Le mandat qui fut confié aux citoyens de la convention était volontairement flou et pour le moins peu contraignant pour leurs commanditaires. Le résultat des travaux des citoyens est bien plus clair que le cadre qui leur était donné, ce qui n’empêche pas d’autres acteurs politiques d’exprimer aujourd’hui du mépris à l’égard de cette expérience.
En prenant connaissance de ces positions, nous avons à l’esprit la dernière séance au CESE, au cours de laquelle six citoyens ont lu le manifeste : « Nos travaux achevés sont désormais les vôtres.

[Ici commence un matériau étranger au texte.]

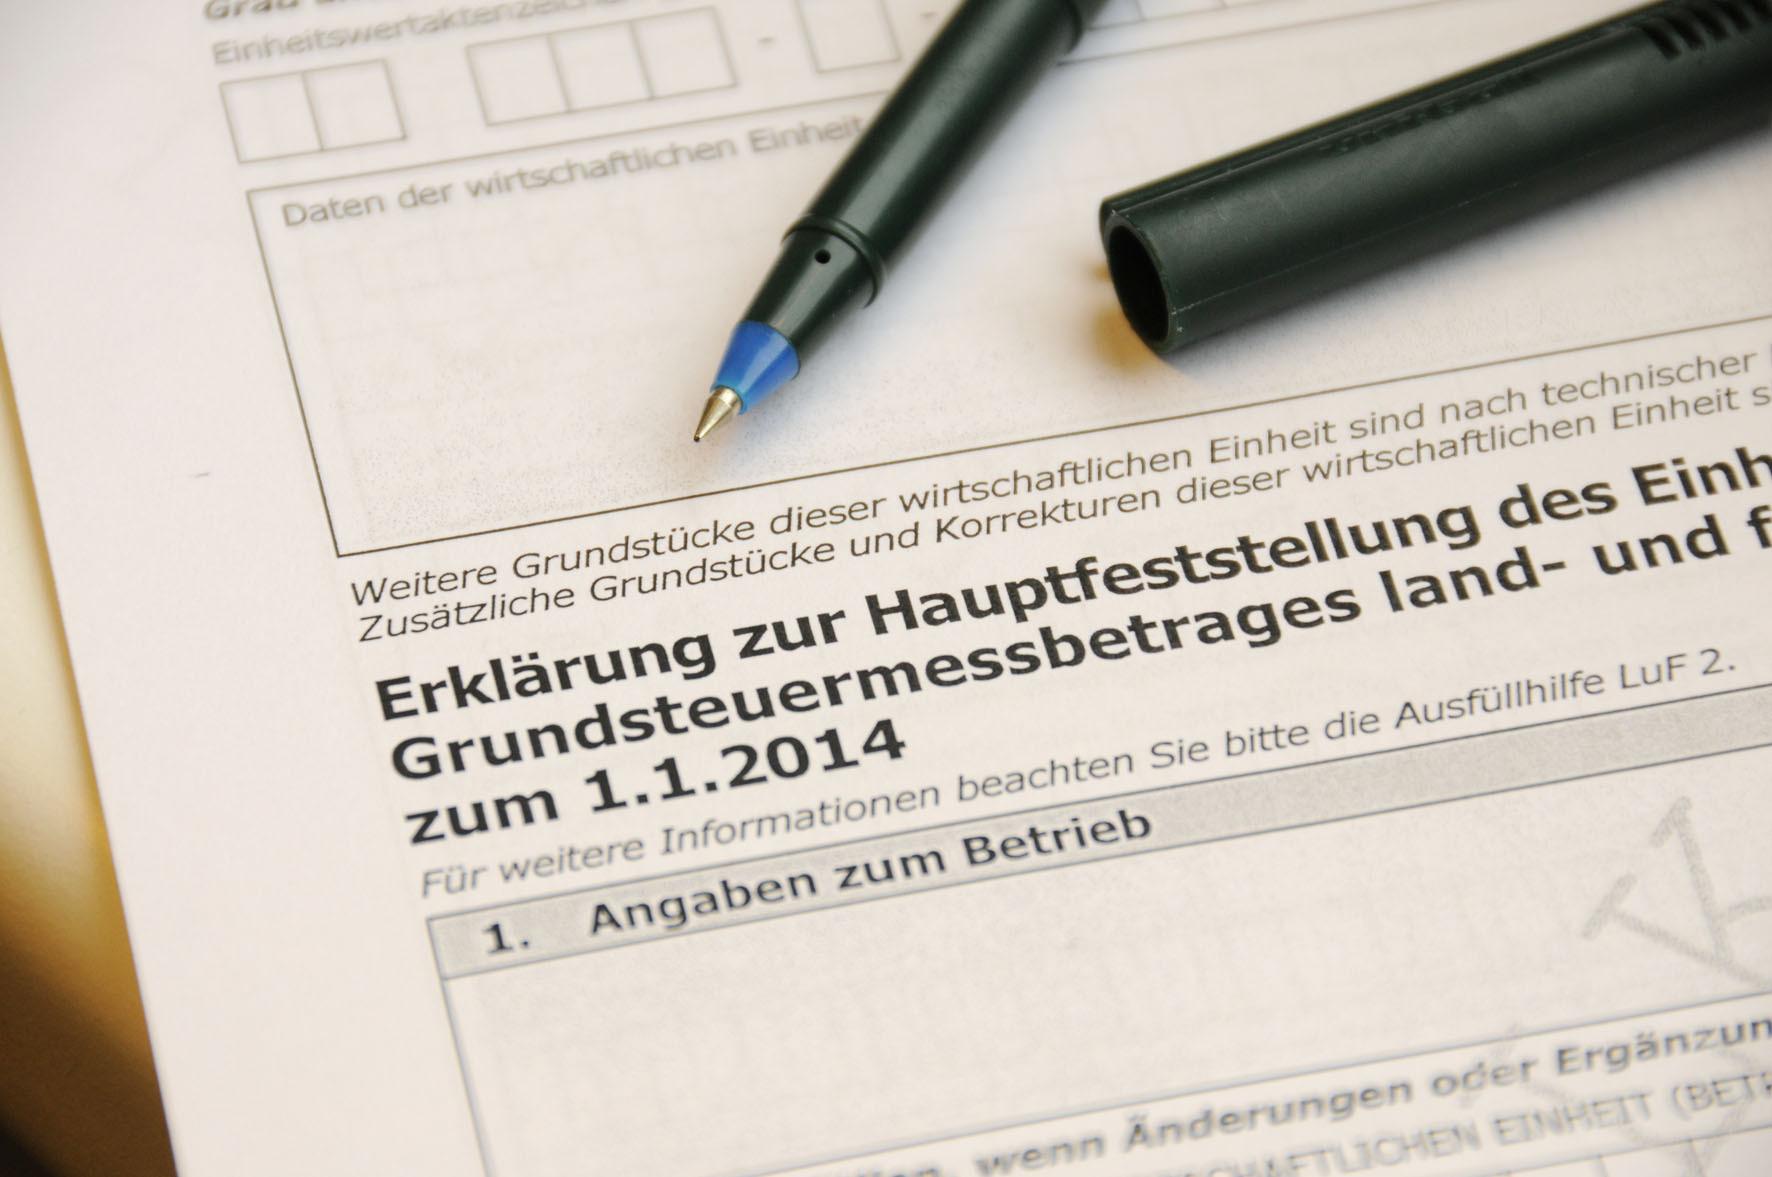 Relativ Neue Einheitswertsbewertung / Hauptfeststellung zum 1.1.2014 OW24
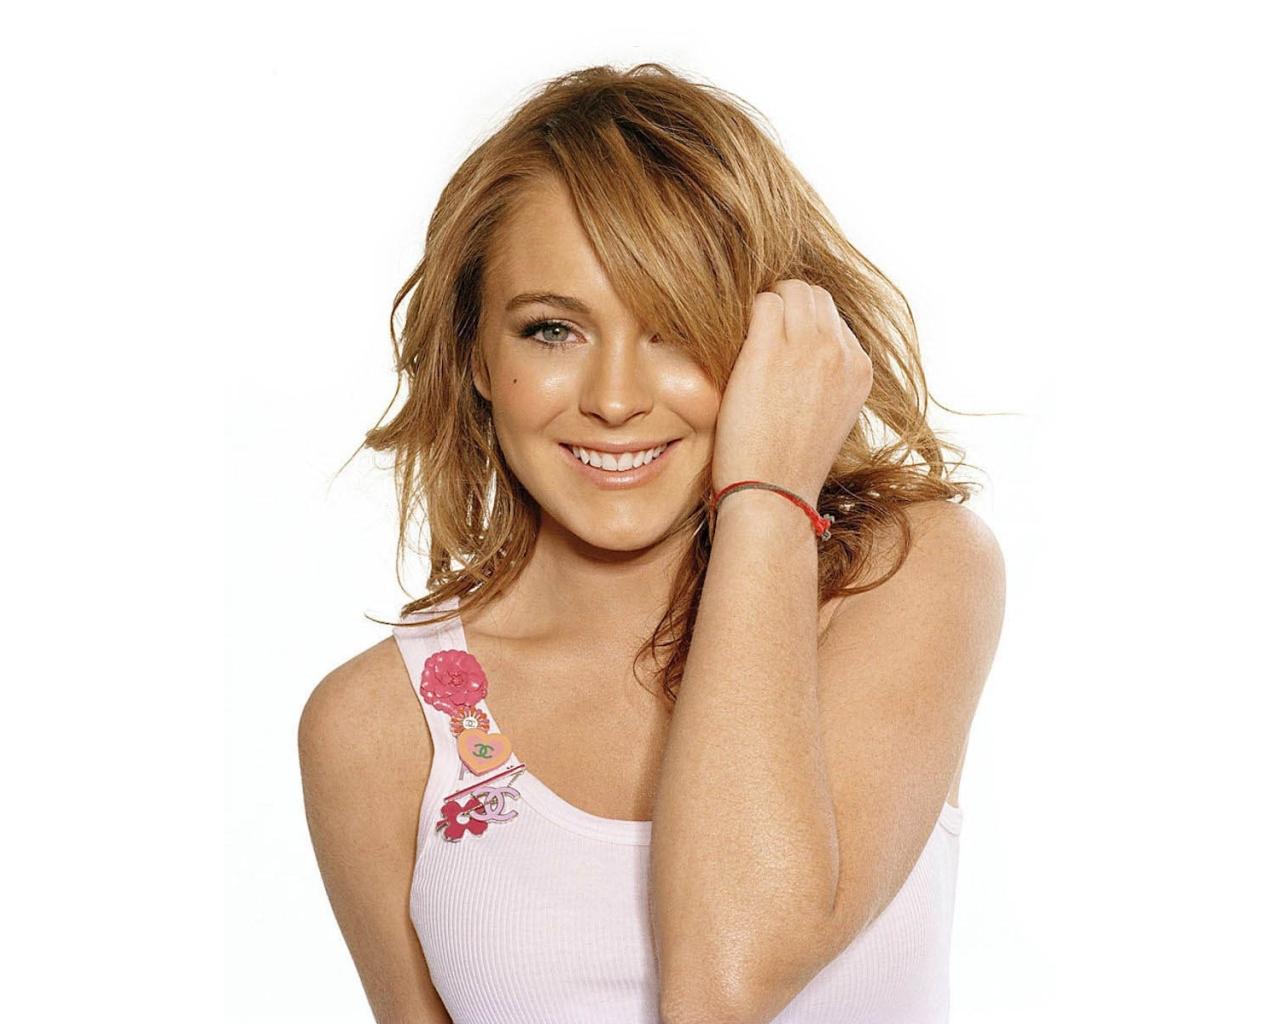 Lindsay Lohan - 1280x1024

Ils sont le fruit d’une délibération collective dont nous portons les conclusions au débat public. (…) Concitoyennes, concitoyens, emparez-vous de cette question qui est un enjeu de société majeur. » L’ensemble de l’assistance se lève et nous ne savons si elle applaudit longuement les orateurs ou si elle célèbre ce que laisse entrevoir ce rituel émouvant : l’expression – par-delà des différences d’opinion et d’ancrages familiaux, sociaux, professionnels, d’appartenance à des cultures locales – d’un même engagement au profit du bien commun, exaltant ainsi les vertus d’une légitimité inscrite dans l’histoire française : celle de la délibération populaire.
Un débat démocratique plus inclusif
Dans un contexte de malaise démocratique, sur un sujet où, plus encore que sur d’autres, les élites consacrées, médecins, juristes, experts, locuteurs officiels de l’éthique ou encore de la morale religieuse, philosophes… s’arrogent le monopole de la formulation de ce qui est socialement désirable, les membres de la convention citoyenne sur la fin de vie ont démontré que le débat démocratique pouvait être bien plus inclusif. Il faut, selon eux, non seulement améliorer l’accompagnement de la fin de vie, mais encore ouvrir la possibilité d’un accès à l’aide active à mourir pour respecter la liberté de choix de chacun.
« En nous donnant de la considération, on nous a permis d’obtenir des résultats que je croyais impossibles », a dit l’une des citoyennes lors de cette dernière session. Les chercheurs en sciences sociales que nous sommes s’attristent de ce que cette affirmation dévoile de l’absence de considération que ressentent nos concitoyens. Puisse-t-elle nous faire comprendre tout ce dont nous nous privons en n’associant qu’à de décevants rendez-vous électoraux des citoyens pourtant disponibles et enthousiastes pour concourir aux affaires de la cité et à la fabrication de la loi.
Jacques Commaille est sociologue, professeur émérite à l’Ecole normale supérieure Paris-Saclay, auteur notamment d’A quoi nous sert le droit ? (Gallimard, 2015) ; Stéphanie Lacour est juriste, directrice de recherche au Centre national de la recherche scientifique, autrice de plusieurs ouvrages sur la régulation des nanotechnologies et du numérique. Tous deux font partie de l’Institut des sciences sociales du politique.